It was clear at the World Travel Market in London in early November that the number of individuals, institutions and companies actively engaged in an aspect of transforming tourism is expanding. While being undertaken mostly by small-scale enterprises, more individuals within the larger corporates associated with mainstream tourism are also playing their part. Every initiative to reduce tourism’s footprint; improve the livelihoods of guests and residents; tackle injustice; alleviate poverty, conserve wildlife, clean up damage etc. is critical and to be applauded. So I am looking forward to [Travindy Editor] Jeremy Smith’s forthcoming book Transforming Travel that highlights numerous examples of transformation happening around the globe.

But the nature of the “wicked problem” that tourism’s current dependency on volume growth causes, means that these individual efforts on so many diverse fronts still lack the power to alter our current trajectory. They may slow down the passage of the Tourism Titanic but not prevent its ultimate collision with the iceberg. Susanne Becken rightfully and courageously addressed this problem head on in her presentation to the WTM (see her article Carbon and Tourism Where Next? referring to it as the fallacy of incrementalism. I support her 100% and am willing to go one step further and suggest that it’s not just fallacious but fatal for these reasons:

1. Incrementalism is not working. Despite all the earnest efforts of individuals around the world, we’re being undermined by the prevailing commitment/addiction to volume growth and a refusal of those with power and authority to question this strategy or re-define more helpful ways of defining growth and success. Interestingly, all the signs suggest that 2017 will be a bumper year for tourism with growth rates exceeding already ambitious forecasts.

2. We’re also undermining ourselves because we haven’t broken free from so many of the assumptions and beliefs that drive the old model – a focus on parts not wholes, on things not processes, on problems not potential, on scarcity that drives competition not abundance that comes from cooperation; a reluctance to share and collaborate; the need to control and over systematize, standardize and quantify; a reliance on rational, financial arguments and incentives; a failure to appeal to hearts and minds; the promotion of and dependence on experts that disempower communities; use of language and jargon that reflects the old paradigm and excludes; plus a belief we can use sustainability for competitive advantage. In short, we have ignored Einstein’s injunction and are using the same way of thinking that developed the problem to correct it. For another perspective on this, read David Holzmer

3. It breeds a false sense of progress and actually sustains “business as usual”. In fact I would venture to suggest that those parties who resist change (and they tend right now to be the most powerful in the system) use these incremental achievements of others to distract; as cover/camouflage to actually sustain business as usual.
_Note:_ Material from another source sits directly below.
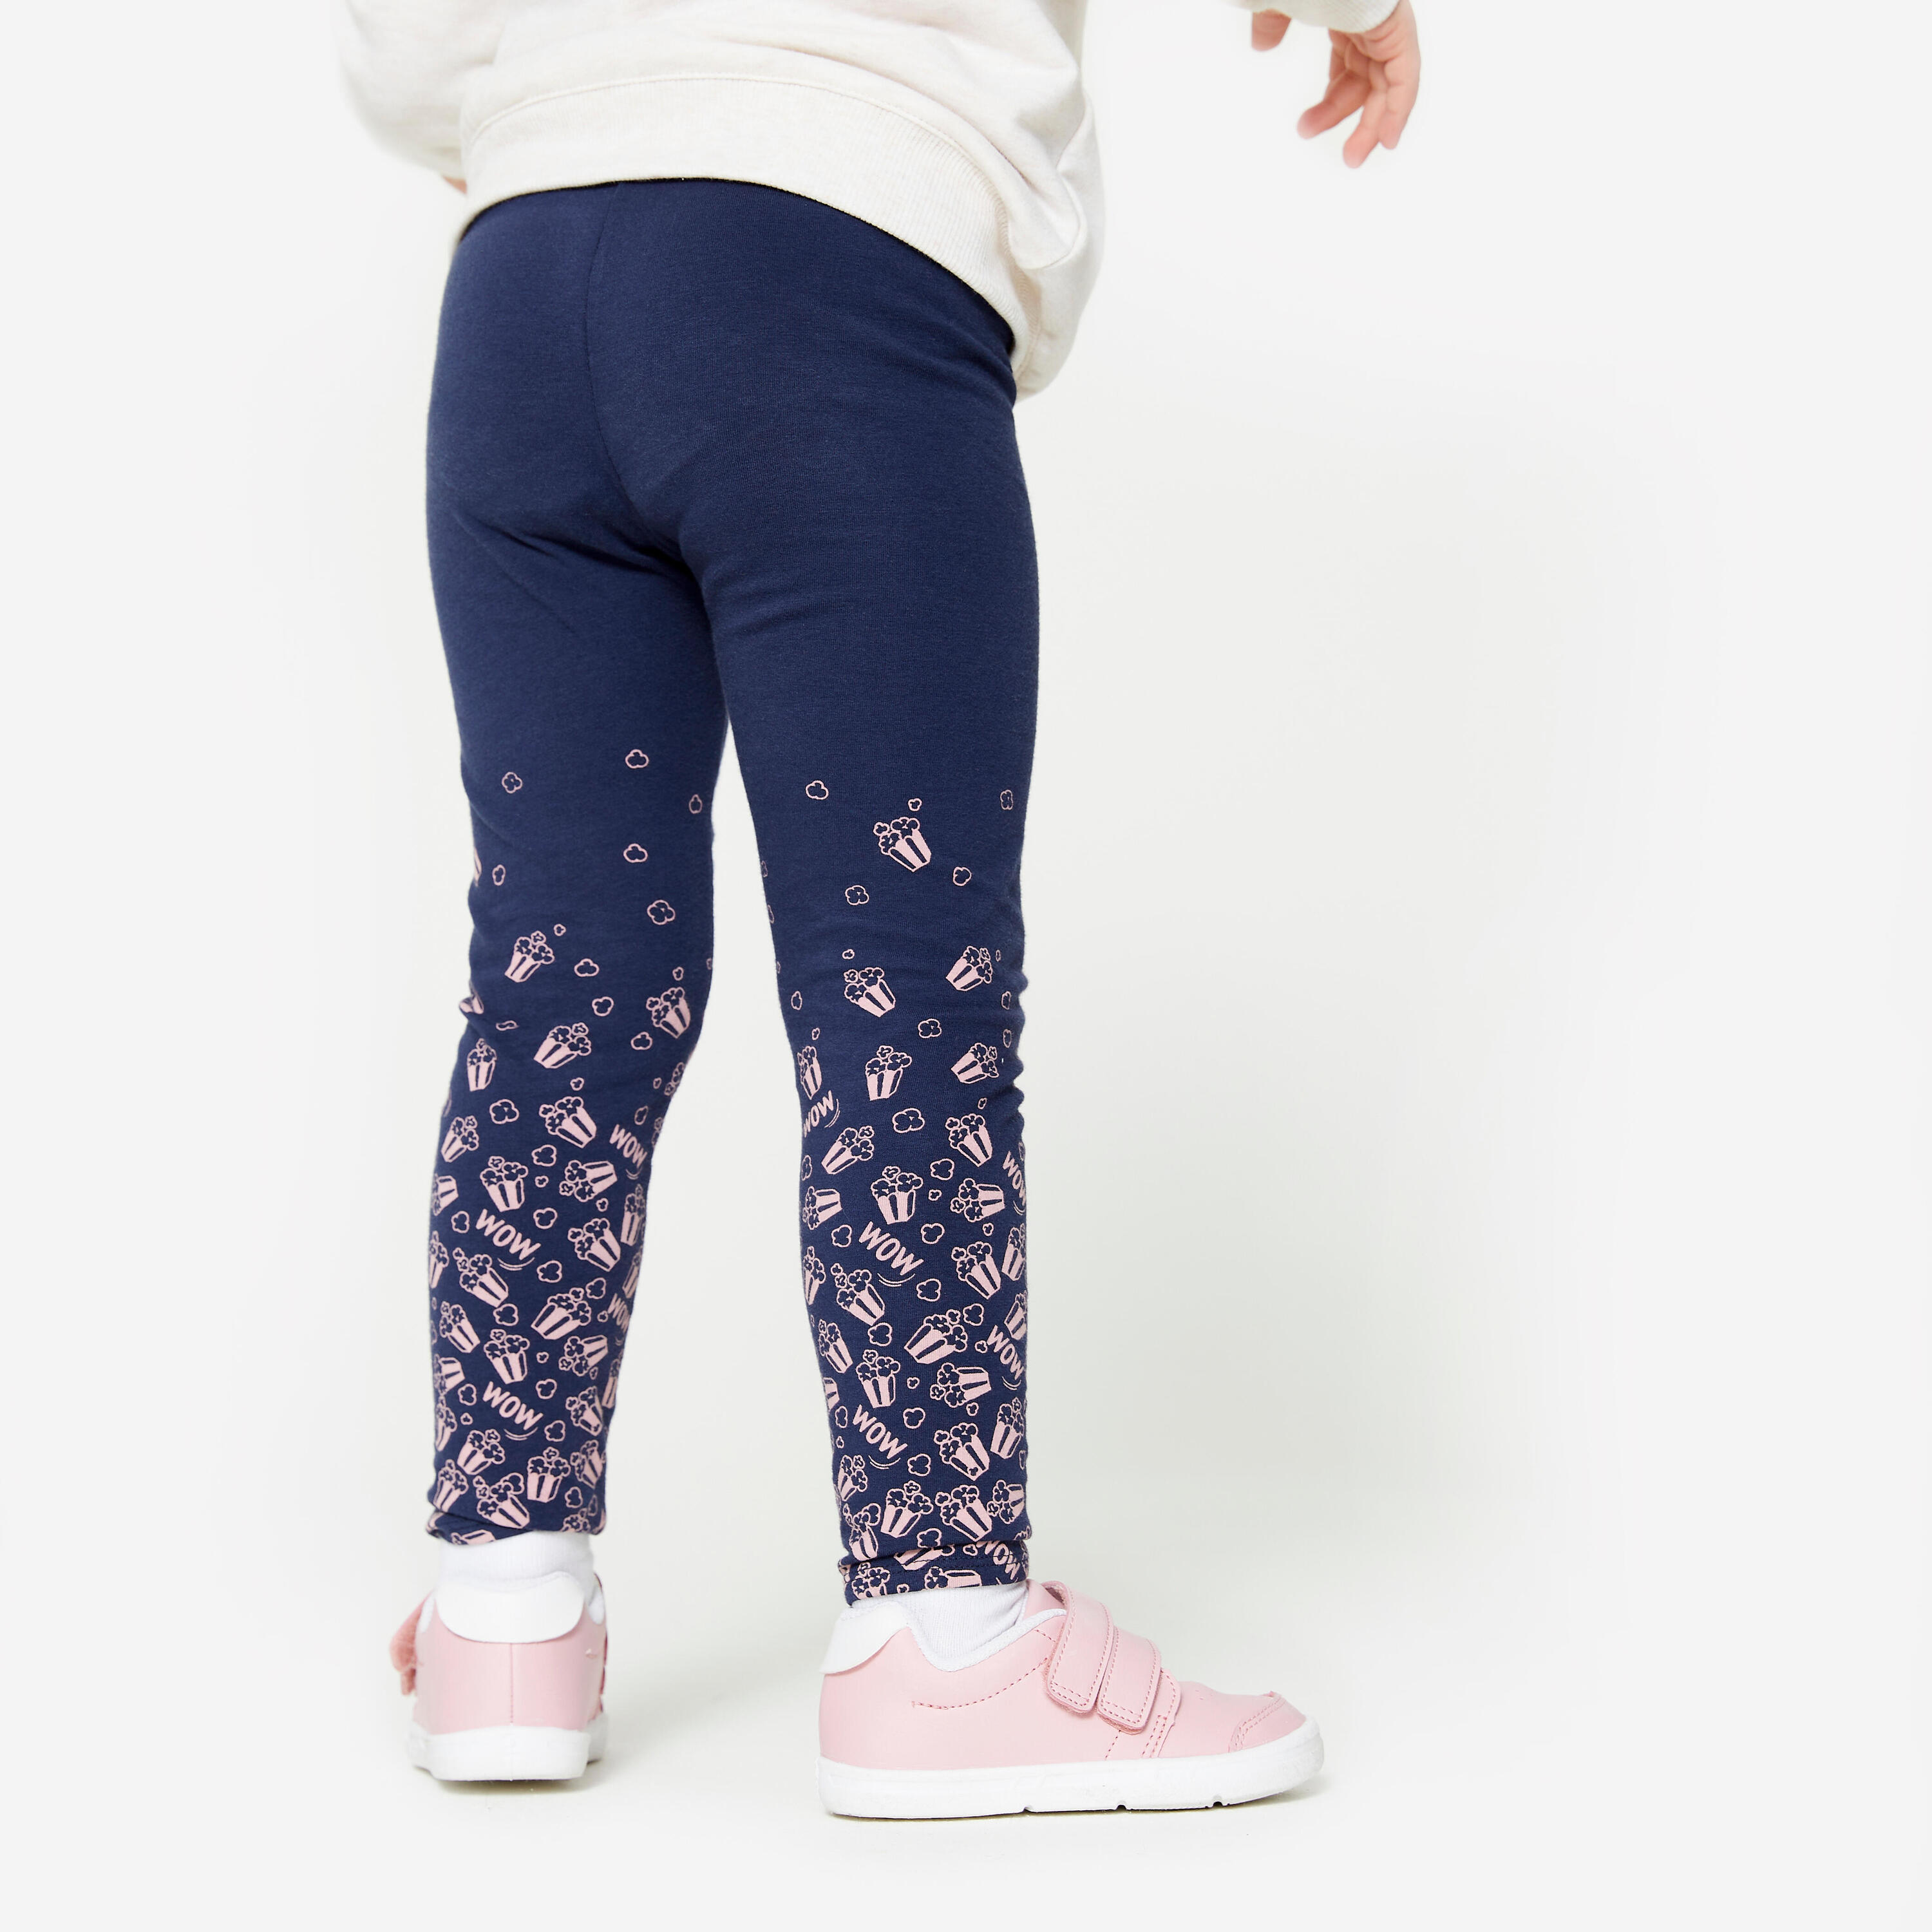 Baby Basic Cotton Leggings - Blue/Pink with Patterns 4/4

4. These incremental efforts, while essential, do not address the root cause of our dependence on volume growth. The real cause of our predicament is “a way of seeing and being” on this planet that is no longer accurate (science has turned virtually all assumptions about how the world works on their head); no longer produces the outcomes intended (i.e., greater welfare/well-being) for the many; and leaves far more value and net benefit unrealized than it produces. Ironically it fails the hallmark of a successful industrial system – it’s inefficient and under-performs! Tourism may be growing in size but the net value generated per trip is, given the proliferation of cheap flights and cruises, not necessarily going up at the same rate. (Note: global data on net income desperately needed!!).
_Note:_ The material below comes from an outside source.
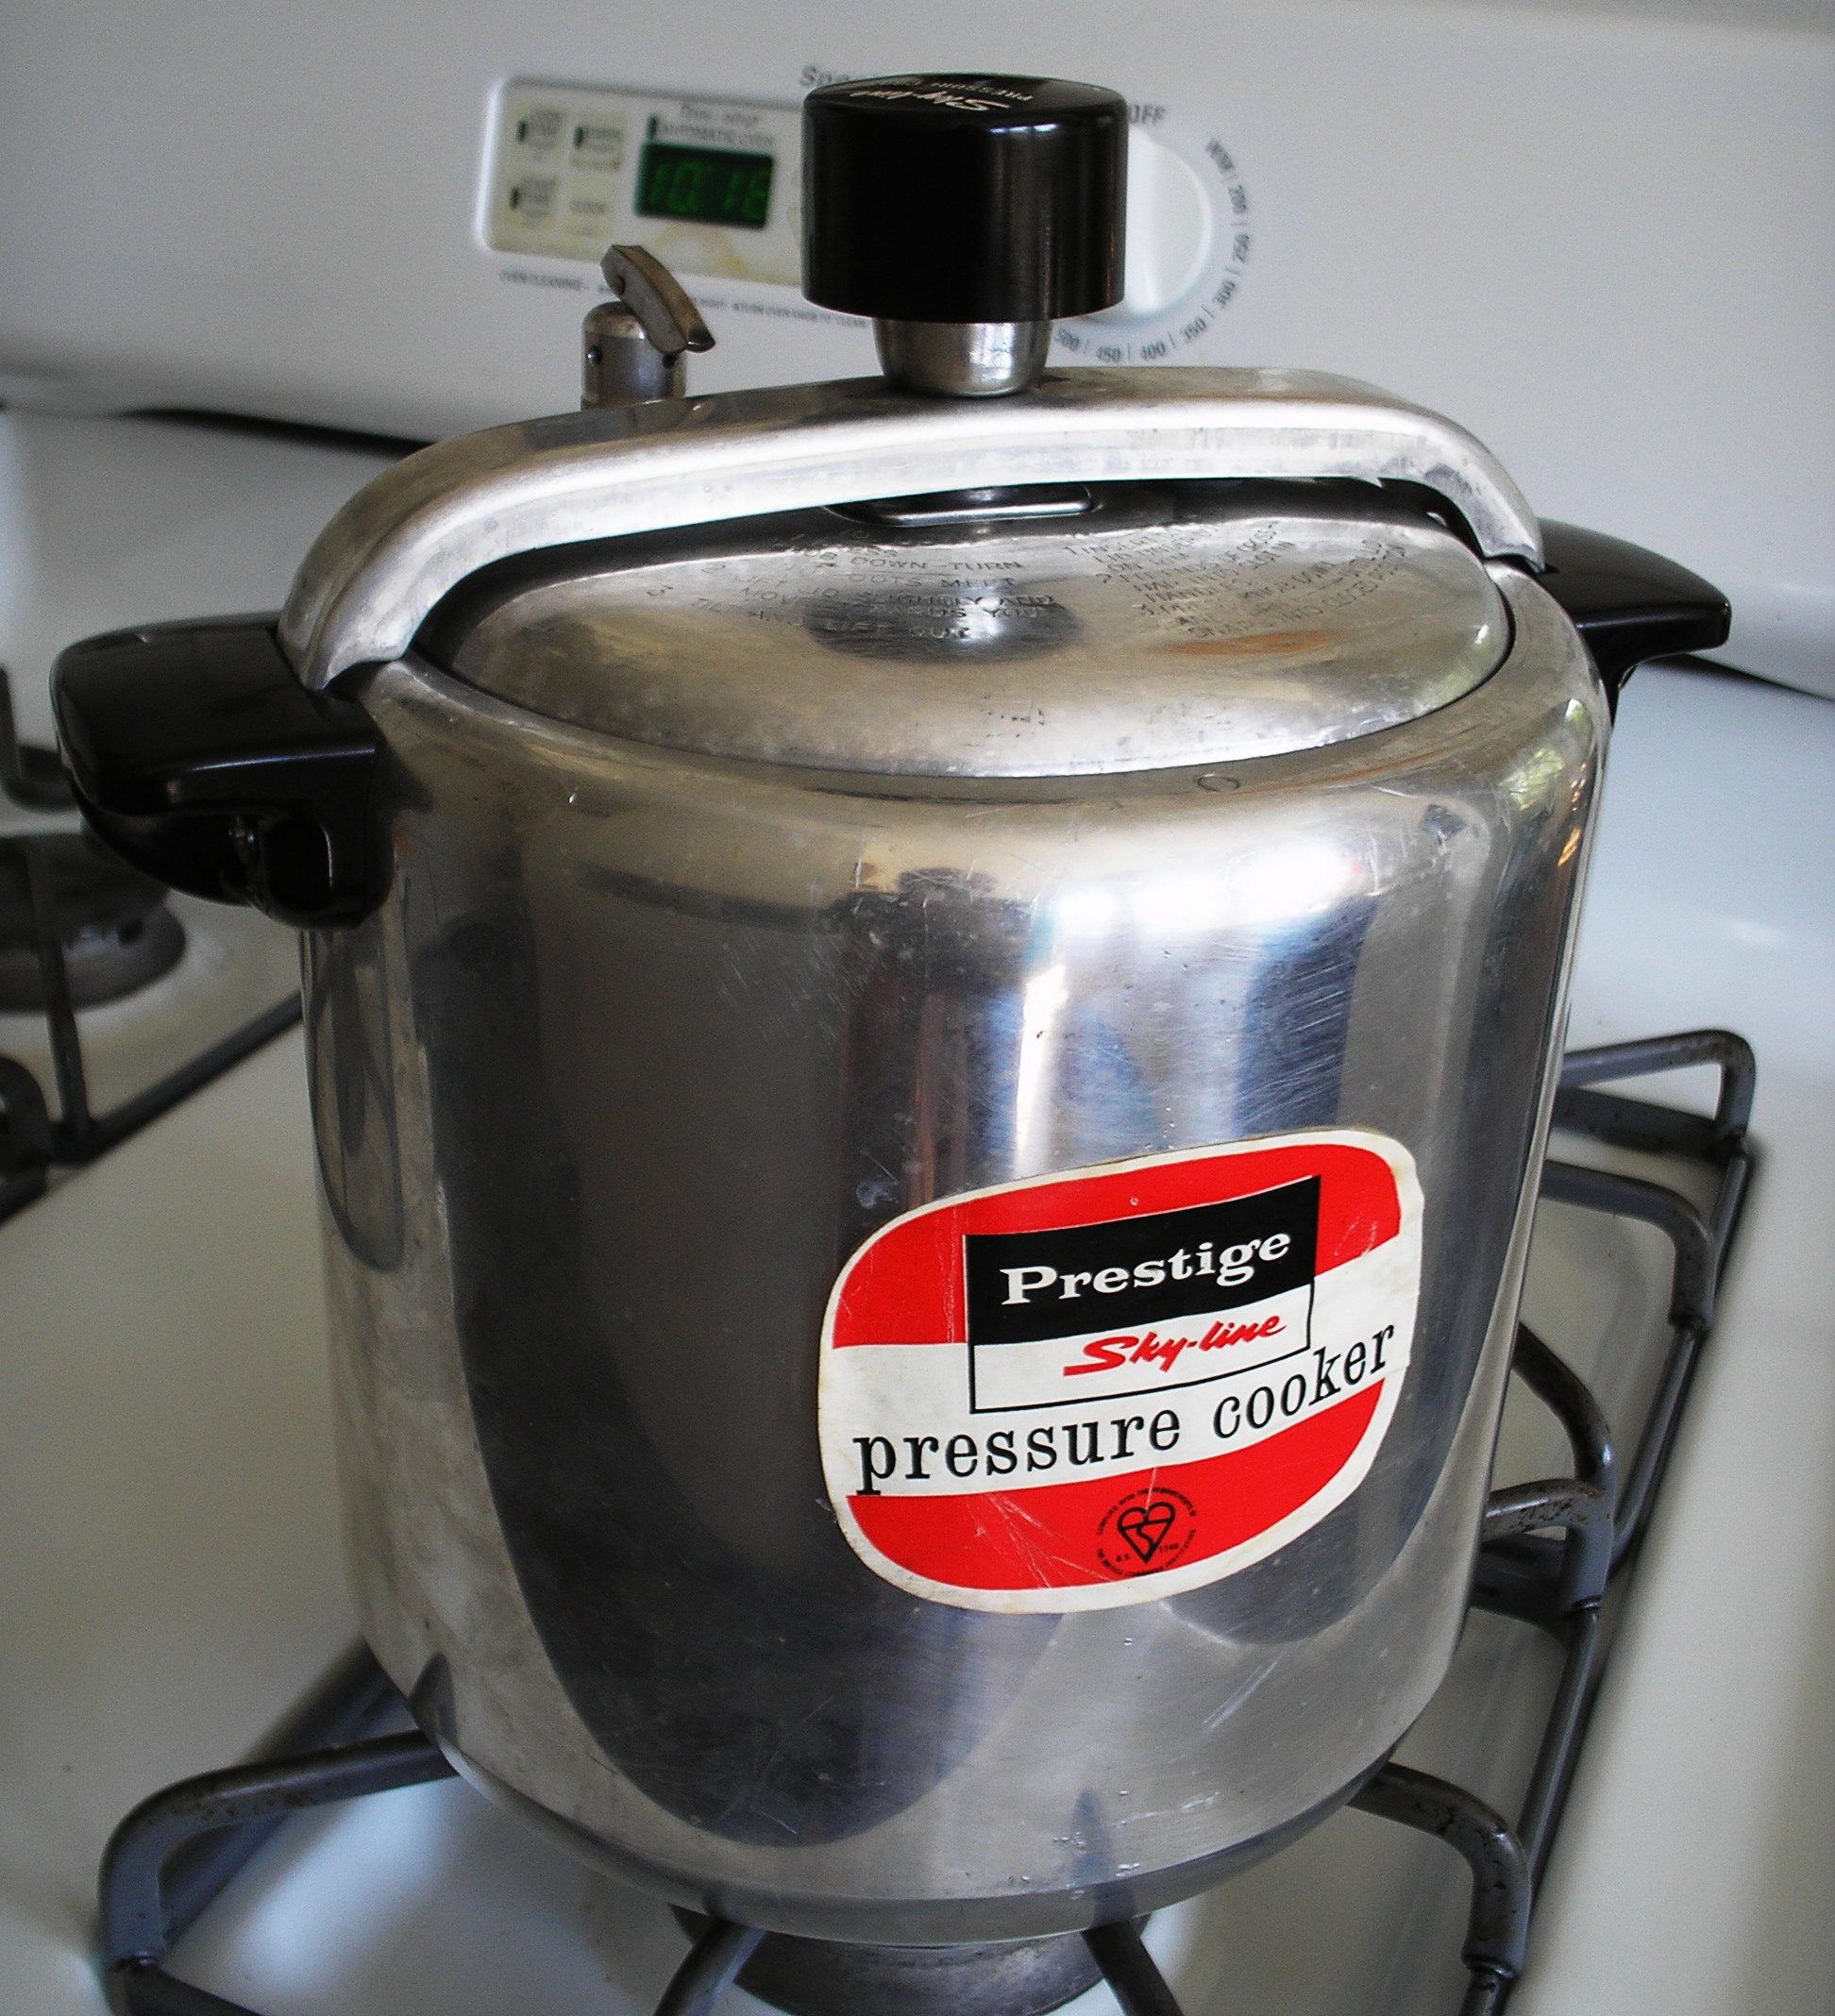 Our pressure cooker was a Prestige Skyline, very popular in the 1950s

It’s long been recognized outside of tourism that the narrative (a.k.a. story, worldview, paradigm, consciousness) has to change first or we’ll continue to dig the hole we’re in deeper. (George Monbiot is one of the most recent proponents of this view (see: How do we get out of this mess? ) but many other luminaries have been saying this for half a century or more.

But who wants to take the time to figure out a new narrative? The old story dominates every nook and cranny of our consciousness urging us to “be practical” which means “do something dammit, ” get results, be measureable, analyse more, get more data, produce tangible results this quarter etc. so we have another conference, call for papers, publish another declaration, create another symposium or summit. There’s no time in our busy, overly competitive lives, now run by machines and systems; to stop, breathe, let alone think, reflect and question. The latter activities were actually designed-out of our way of working decades ago. (Image below source from Danone a company that’s working on narratives)

The word “transformation” has become popular this year but do we understand what that, once powerful word, actually implies? It’s change on a scale most of us are unfamiliar with despite our living in a period when every aspect of life and living is changing at an unprecedented rate and scale all around us. Richard Barrett of The Values Centre, a pioneer in the study of coporate culture and values observes.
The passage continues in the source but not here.